Friday, February 23, 2007
N.M. Tech scientists travel to Alaska to study an elusive phenomenon
By John Fleck
Journal Staff Writer
Paul Krehbiel and Ron Thomas had just taken a break for dinner when Mount St. Augustine erupted Jan. 27, 2006.
When the Alaskan volcano had begun popping off two weeks earlier, the New Mexico Tech lightning scientists had flown to Alaska, on the chance that the eruptions were not done.
"They said 'There's a good chance it'll erupt again,' '' Thomas said.
Normally thunderstorm chasers, the pair were hunting the elusive "volcano lightning."
Known since the ancient Greeks, volcano lightning comes from the hot, angry cloud of dust and ash rising from an erupting volcano.
Volcano lightning, similar to thunderstorm lightning, is created in the hurly-burly of collisions within the turbulent cloud of dust and gas rising from the exploding mountain.
But thunderstorms are easier to find than erupting volcanoes, so, while stories of volcano lightning abound, scientific data is scarce.
The pair are part of New Mexico Tech team that had just finished testing a new set of portable lightning detectors, and they were looking for a volcano to try them out on.

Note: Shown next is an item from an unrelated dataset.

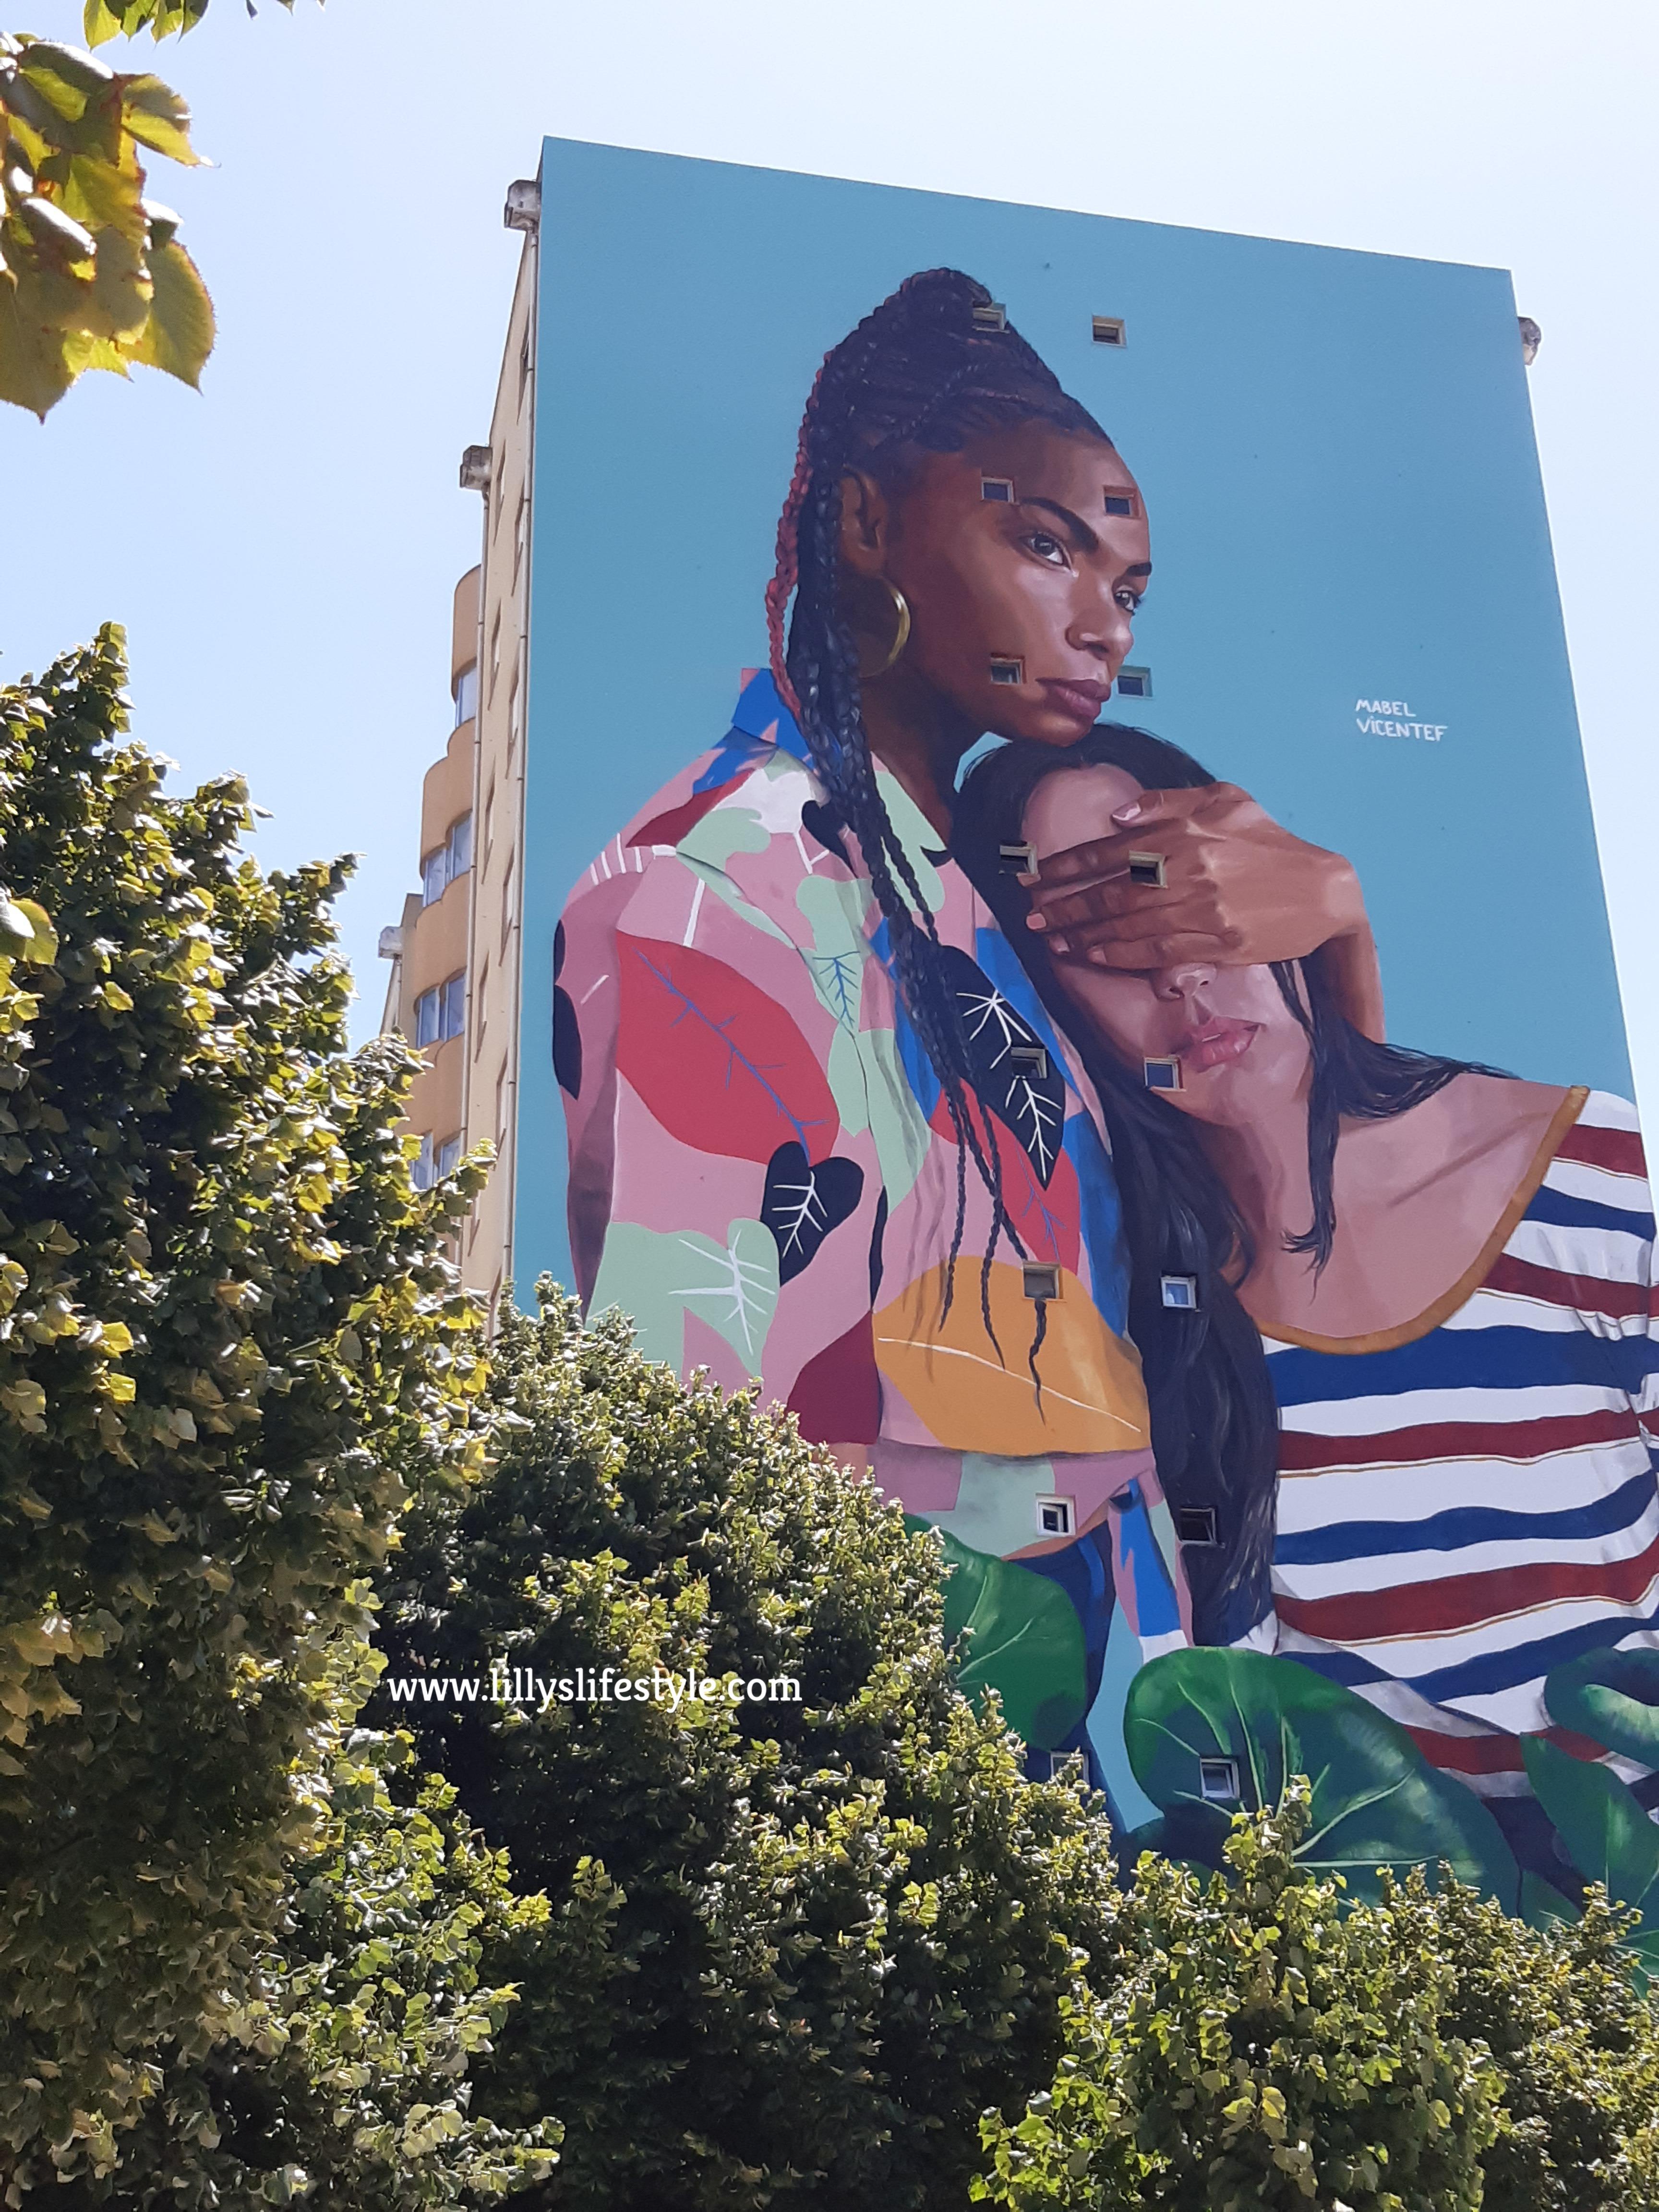 festival arte urbana lisbona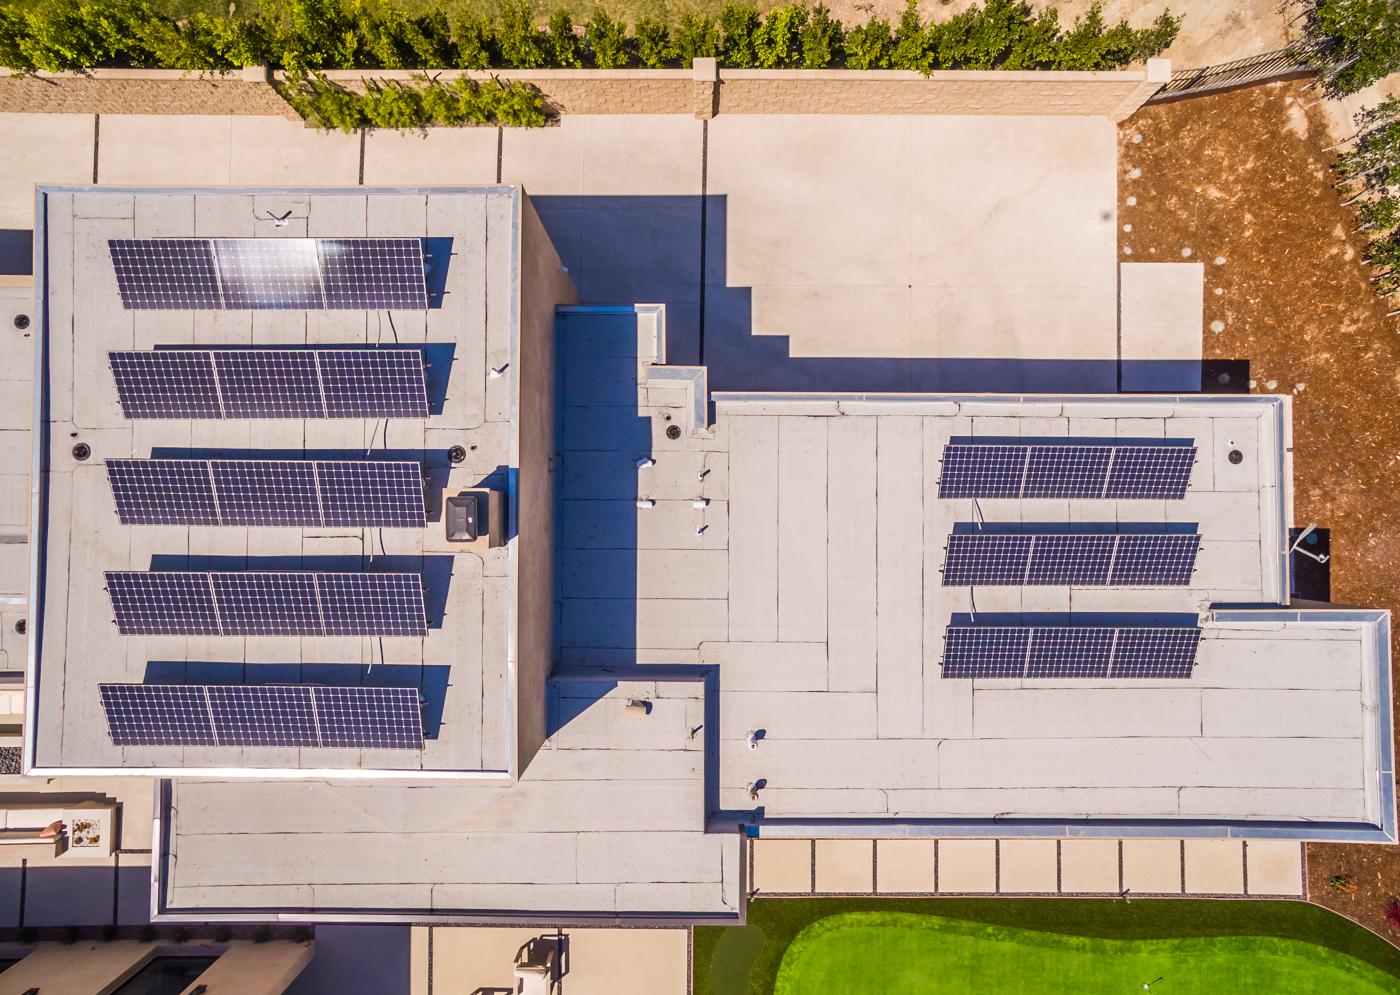 escondido-roof-solar-panels

"About the only thing that was known about lightning associated with volcanos was that it occurs," said Tech professor Bill Rison, another member of the team.
A bit of serendipity connected the team with Steve McNutt at the Alaska Volcano Observatory, and when St. Augustine began erupting, they decided to fly up and give it a shot.
The results of their trip, published today in the journal Science, mark the first time scientists have ever captured detailed data on the elusive phenomenon.
McNutt had seen evidence for volcano lightning before, when the lightning's powerful electromagnetic pulses interfered with the electronics of seismic instruments he had set out around Mount Spur, another Alaskan volcano.
"The electronics guys weren't too happy about that," he said in a telephone interview.
But to understand lightning in detail takes special instruments antennas connected to sensitive receivers to map the peaks and values of the electromagnetic pulses flung out by the lightning bolts.
That is what Thomas and his colleagues brought to Alaska after hearing that St. Augustine, a volcano on Cook Inlet 60 miles west of Homer, was doing its thing.
"Their equipment is state of the art," McNutt said.
Hours after Thomas and Krehbiel got their gear set up, St. Augustine began its performance.
First, there was a crackle of lightninglike bursts from the volcano's mouth.
Then, as the cloud of dust and ash rose into the stormy nighttime sky, there were 300 lightning strikes over an 11- minute period as the cloud drifted south from the mountain's summit.
The results show complex patterns within the cloud as dust, rock fragments and water in the cloud banged into one another, according to the scientists.
More analysis is being done on the St. Augustine data, and the lightning detectors have been shipped off to an even colder volcano: Mount Erebus in Antarctica.